Climate change mitigation and adaptation are considered as the appropriate way of addressing the challenges. The World Wide Fund for Nature (WWF) defines ‘climate change mitigation’ as ‘avoiding and reducing emissions of heat-trapping greenhouse gases into the atmosphere to prevent the planet from warming to more extreme temperatures’. The UN IPCC defines ‘adaptation’ as the ‘adjustment in natural or human systems in response to actual or expected climatic stimuli or their effects, which moderates harm or exploits beneficial opportunities’. Scientists’ view that the more we reduce emissions right now, the easier it will be to adapt to the changes we can no longer avoid.

The climate and energy policy framework of the European Commission sets three key ambitious targets for 2030 - at least 40 per cent cuts in greenhouse gas emissions from 1990 levels, at least 32 per cent share for renewable energy and at least 32.5 per cent improvement in energy efficiency.
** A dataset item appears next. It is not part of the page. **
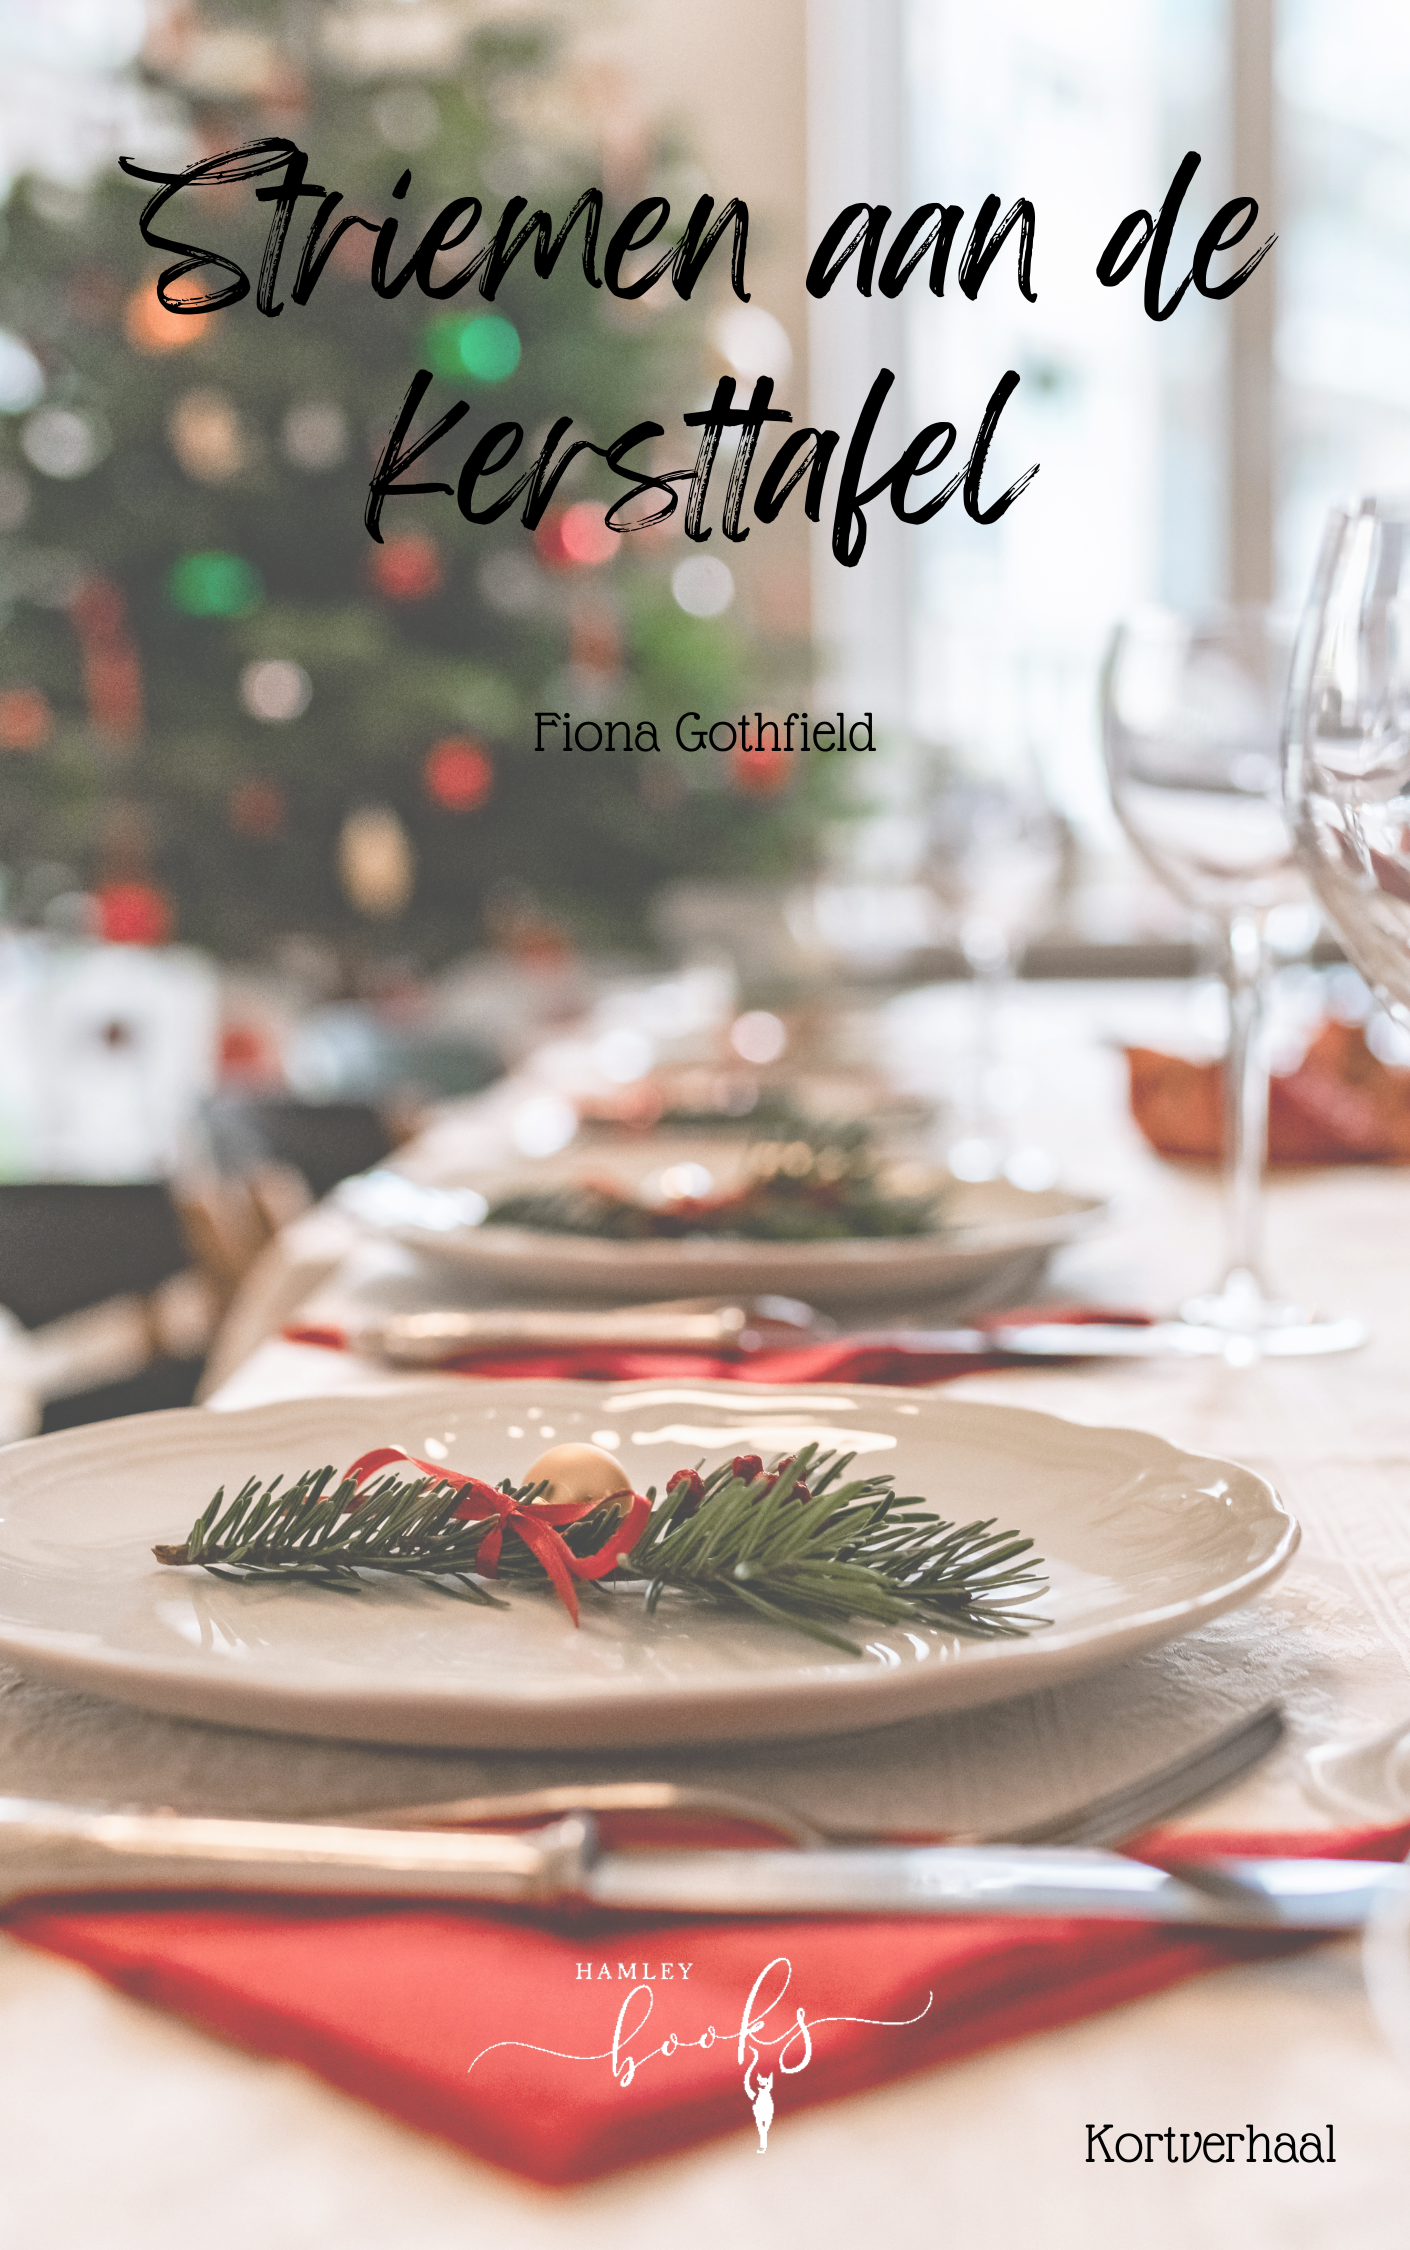 Striemen aan de kersttafel – Fiona Gothfield – Gratis Epub – PDF versie

Bangladesh is one of the most densely populated countries in the world, with approximately 1,203 people per square kilometre (World Bank 2015). It is one of the most vulnerable countries to climate change where about two-thirds of its land area is prone to river and rainwater flooding, and its coastlines are exposed to storm surges and tidal flooding (Zamudio & Parry 2016). Scientific study shows that the mean annual temperature of Bangladesh has risen by 0.016°C per year from 1977 to 2008 (Zamudio & Parry 2016). ‘Bangladesh Climate Change Strategy and Action Plan 2009’ has prioritised the needs of the poor and vulnerable, including women and children in all activities. Food security, social protection and health are given due attention to ensure that the poorest and most vulnerable in society, including women and children, are protected from climate change and that all programs focus on the needs of this group.
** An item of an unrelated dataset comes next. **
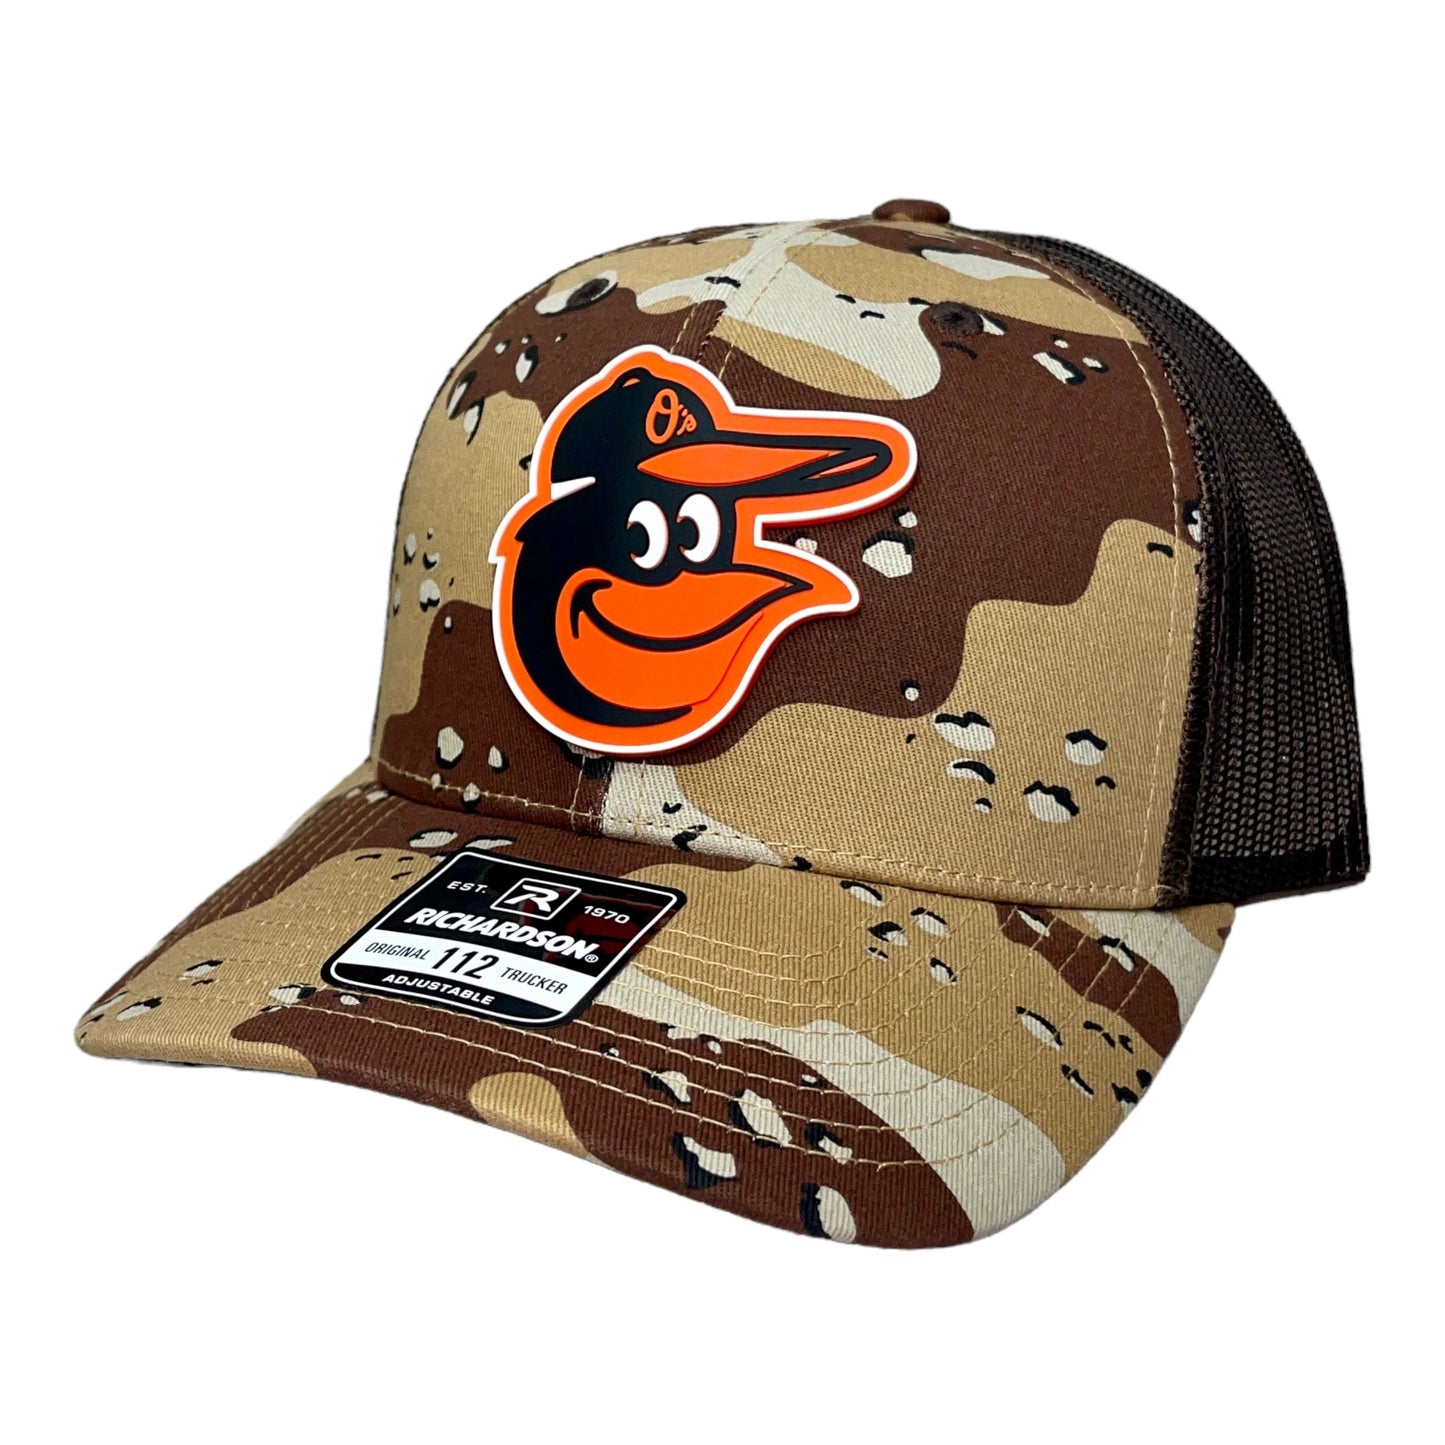 Baltimore Orioles 3D Snapback Trucker Hat- Desert Camo/ Brown

We envisage a green world, free from hunger and all sorts of discrimination. We must rethink the way we produce and consume energy, food, and water; protect the world’s forests; and help people prepare for a changing world. Developing sustainable consumption and production habits; reducing dependency on fossil fuel; expanding the use of renewable energy; lessening of food loss and food waste; reducing and recycling of waste; ensuring safe use of chemicals, efficient use of water and energy, massive plantation and risk-informed development are indispensable for being green. Most importantly, awareness building at all levels is paramount to mitigate the global challenge posed by climate change.

 

The writer is a member, Chartered Institute of Procurement and Supply (CIPS), UK.